In a statement, WikiLeaks wrote: Ecuador has told WikiLeaks publisher Julian Assange that it will remove the isolation regime imposed on him following meetings between two senior U.N. officials and Ecuador’s President Lenin Moreno Friday.

The company’s Editor-in-Chief Kristinn Hrafnsson said, “It is positive that through U.N. intervention Ecuador has partly ended the isolation of Mr. Assange although it is of grave concern that his freedom to express his opinions is still limited.

“The U.N. has already declared Mr. Assange a victim of arbitrary detention. This unacceptable situation must end. The U.K. government must abide by the U.N.’s ruling and guarantee that he can leave the Ecuadorean embassy without the threat of extradition to the United States.”

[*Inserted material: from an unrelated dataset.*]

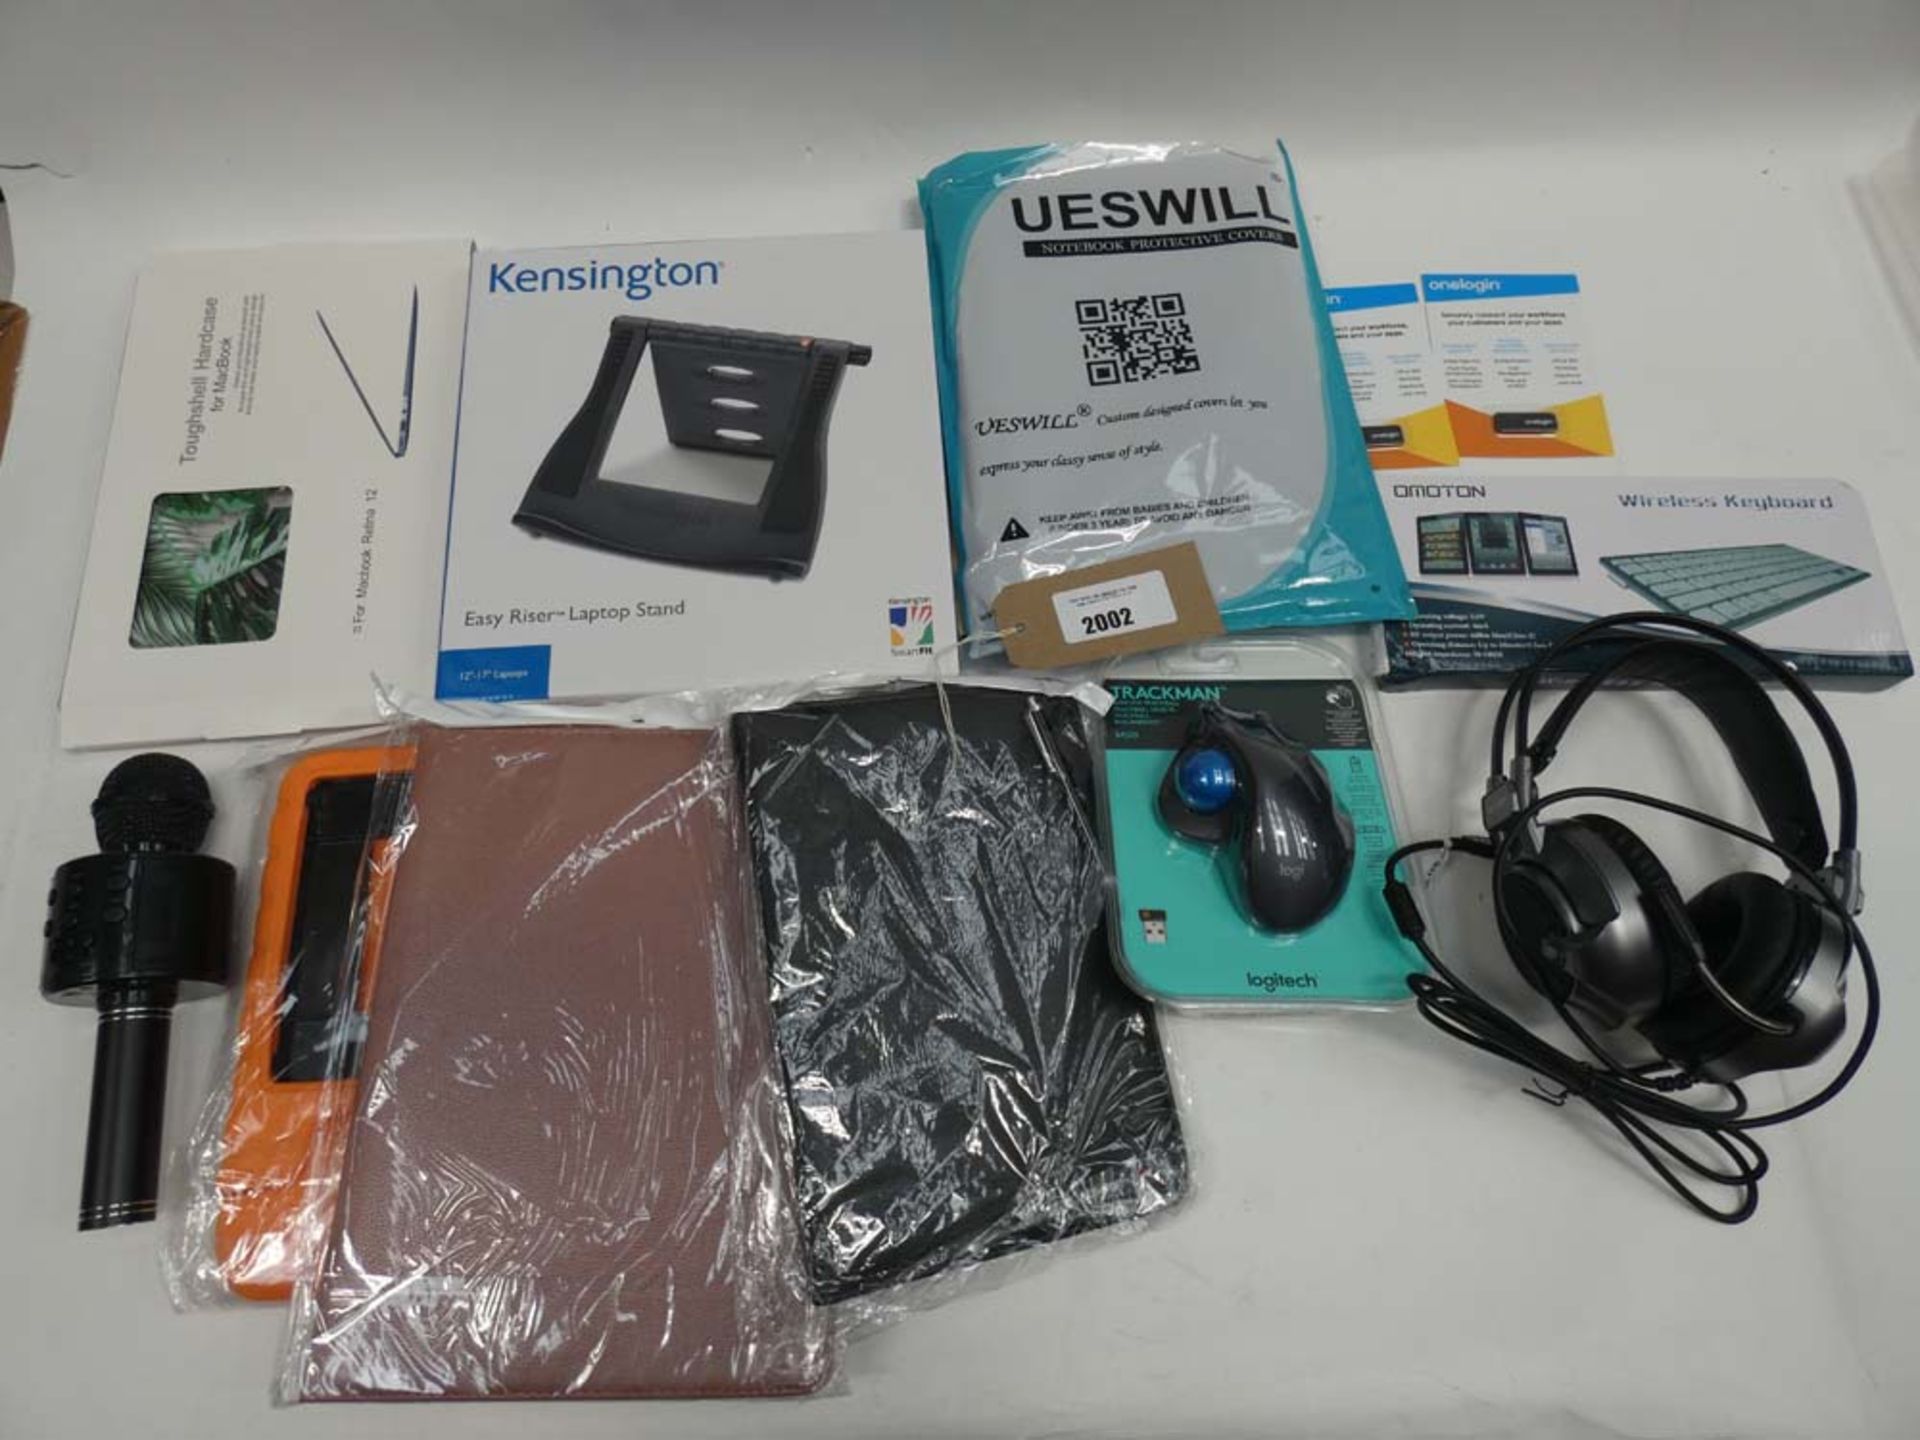 Bag containing tablet cases, microphone, Tecknet headset, Kensington laptop stand, Logitech Trackman

Assange has been granted limited access to the internet, mobile phones, and embassy visits.

The move comes nearly six months after the Ecuadorean government suspended Assange’s communications in March after he discussed issues on social media that could damage the country’s diplomatic relations, including a diplomatic crisis between London and Moscow as well as Catalonian separatism.

Assange accepted political asylum from the Latin American country in 2012 to avoid extradition to Sweden to face questions about allegations of sex crimes which have been dropped. However, friends and supporters say Assange fears arrested and eventual extradition to the United States for publishing a cache of U.S. diplomatic and military secrets on the WikiLeaks website.